How Does Postgres Perform Across File Systems?

Tomas Vondra

October 10, 2022

One of the guiding Postgres design principles is heavy reliance on features provided by the environment (particularly operating system) and file systems are a prime example of this. Unlike other databases Postgres never supported raw devices, i.e. the ability to store data on block devices without creating a regular file system first—that would require implementing a “custom” file system, which might be tailored for the database needs (and thus faster) but it would require significant investment of development time (e.g. to support different platforms, adjust to ever-evolving hardware, etc).

As the development time is an extremely precious resource (doubly so in a small development team in early stages of an open-source project), the rational choice was to expect the operating system to provide a sufficiently good general-purpose file system, and focus on implementing database-specific features with high added value for the user.

So you can run Postgres on many file systems, which raises the question: Are there any significant differences between them?
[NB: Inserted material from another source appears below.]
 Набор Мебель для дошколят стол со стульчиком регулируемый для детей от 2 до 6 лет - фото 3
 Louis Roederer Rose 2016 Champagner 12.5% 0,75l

Does it even matter which filesystem you pick? Exploring these questions is the aim of this analysis.

I’ll look at a couple common file systems on Linux—both traditional (ext4/xfs) and modern (zfs/btrfs) ones, run an OLTP benchmark (pgbench) on SSD devices in different configurations, and present the results along with a basic analysis.
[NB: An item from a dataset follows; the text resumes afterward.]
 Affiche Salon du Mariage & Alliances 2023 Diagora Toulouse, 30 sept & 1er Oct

Note: For OLTP, it’s not really practical (or cost-effective) to use traditional disks. The results might be different and perhaps interesting, but ultimately useless.

Setup

I’ve used my two “usual” machines with different hardware configurations, a small one with SATA SSD and a bigger one with NVMe SSD.

Intel i5-2500K (4 cores)
8GB RAM
6x Intel DC S3700 100GB (SATA SSD)
PG: shared_buffers=1GB, checkpoint_timeout = 15m, max_wal_size = 64GB
ZFS tuning: full_page_writes=off, wal_init_zero = off, wal_recycle = off

xeon

2 x Intel e5-2620v3 (16/32 cores)
64GB RAM
1x WD Gold SSD 960GB (NVMe)
PG shared_buffers=8GB, checkpoint_timeout = 15m, max_wal_size = 128GB
ZFS tuning: full_page_writes=off, wal_init_zero = off, wal_recycle = off

Both machines are running kernel 5.17.11 and zfs 2.1.4 or 2.1.5.

On the i5 machine we can test different RAID configurations too. Both zfs and btrs allow using multiple devices directly, for ext4/xfs we can use mdraid. The names (and implementations) of the RAID levels differ a bit, so here’s a rough mapping:

name (data disks)	mdraid	btrfs	zfs
striping (N)	raid0	raid0	striping
mirroring (1)	raid1	raid1*	mirroring
raid10 (N/2)	raid10	raid10	(mirroring + striping)
raid5 (N-1)	raid5	raid5	raidz1
raid6 (N-2)	raid6	raid6	raidz2
raid7 (N-3)			raidz3

Note: The number in the first column means number of “data bearing” disks. For example with striping all N disks are used to store data. With raid5, one of the drives is used to store parity information, so we only use (N-1) data disks. With raid10, we keep a copy for each piece of data, so we have N/2 capacity.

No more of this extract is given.